O ensaio vespertino foi em outra sala maior. Aos violinos agregaram-se os demais instrumentos de corda.

Às seis horas da tarde cessaram os sons da música na grande escola. Todos os instrumentos retornaram aos seus estojos. A algazarra, no entanto, era intensa. Comentários sobre os deslizes havidos, sobre a cara de poucos amigos do maestro quando alguém ousava rir após um quase inaudível desafinamento.

Após este último intervalo estariam todos reunidos com o restante da orquestra para mais um ensaio geral.

Triste, dirigiu-se Rolf para onde se encontrava Sissi, na tentativa de dar-lhe, pelo menos, um aperto de mão em despedida. Viu-a, a sós, ao lado da grande porta de saída. Correu para perto dela antes que ela saísse e sumisse, uma vez mais, dentro daquele antipático coche conduzido por aquele inominável cocheiro.

Do lado de fora não havia nem coche e nem cocheiro. Apenas ela ali, a sorrir para ele. Aproximou-se.

— Permita-me ficar a seu lado enquanto espera pelo carro que virá apanhá-la.

— Permito, sim — disse ela sorrindo —, podes ficar a meu lado por um longo tempo se assim o quiseres. Falei ao cocheiro que hoje os ensaios se prolongariam até a noite. Que não haveria intervalo.

Rolf respirou fundo. Estava sem palavras. Ainda restavam alguns schillings em seu bolso e pode convidá-la para tomar um chocolate quente e saborear um pedaço de apfelstrudel.

Saíram pela rua a conversar. Logo encontraram a famosa Cafeteria onde se encontravam os mais fantásticos doces de Viena. Foi o chocolate sorvido com mais vagar em sua vida e a torta de maçã degustada em minúsculos pedaços. Queria demorar-se ali, ao lado dela, pela eternidade. Tinham muito a conversar. Coisas que haviam ficado em longínquos passados dos quais não se lembrava. Como se já tivessem vivido muitas vidas juntos.

Aquela hora passou tão rapidamente e já deveriam retornar para o último ensaio do dia. Para o último ensaio geral de Rolf em muitos dias.

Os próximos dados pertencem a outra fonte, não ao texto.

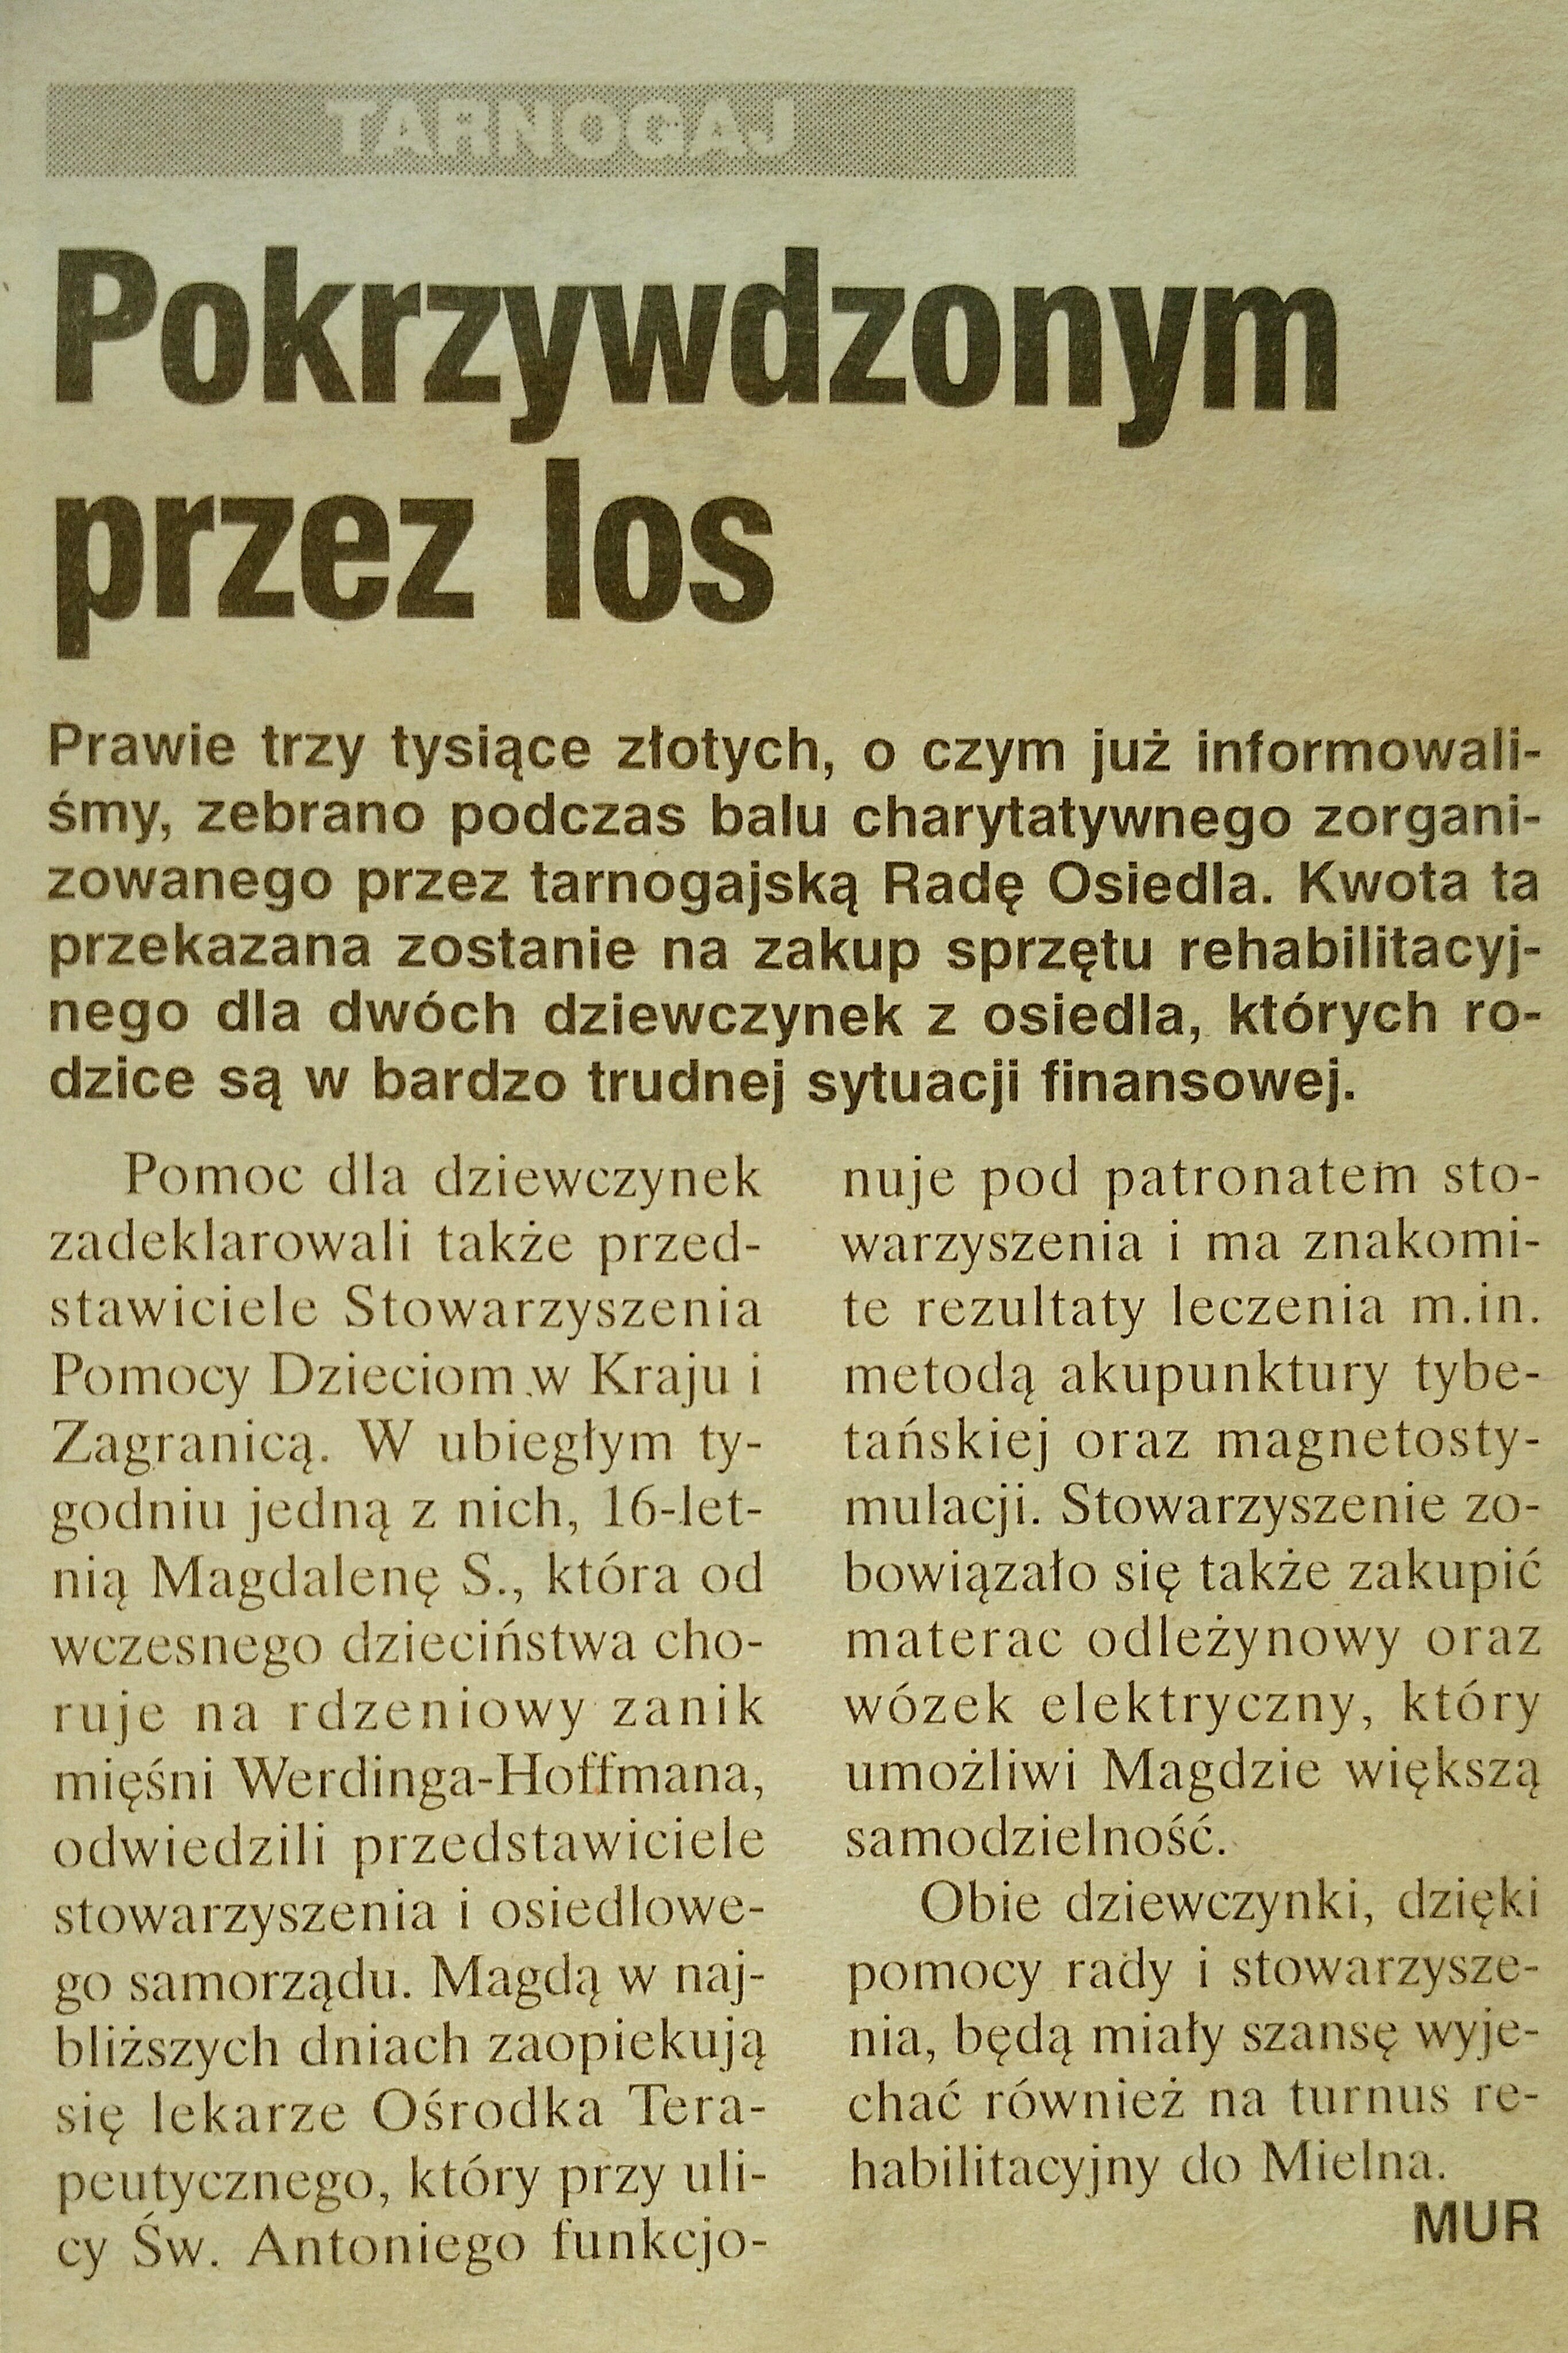 4 20 Lutego 2001 Wieczór Wrocławia

Logo tudo findara. O guardar, desta vez, seu violino dentro do estojo parecia-lhe ter um significado de perda, de ausência, de solidão. Algo inexplicável apossava-se de seu peito. Era a hora das despedidas. Os abraços finais nos companheiros.  Rolf prometeu a todos que logo regressaria mais pronto que nunca para participar da noite de gala.

Saíram ao encontro do coche que a aguardava. Num ímpeto final tomou-a nos braços e quase a chorar beijou sua mão. Ouviu ainda a sua voz. Um último sussurro.

— Volte logo. Adeus!

Viu-a, ainda, na janelinha do coche, a lhe sorrir. Sonhou ou ela lhe jogava, com as pontas dos dedos um beijo? Mesmo que fosse apenas sua imaginação um longo beijo enviou em direção a ela. E pela noite nebulosa saiu a assobiar.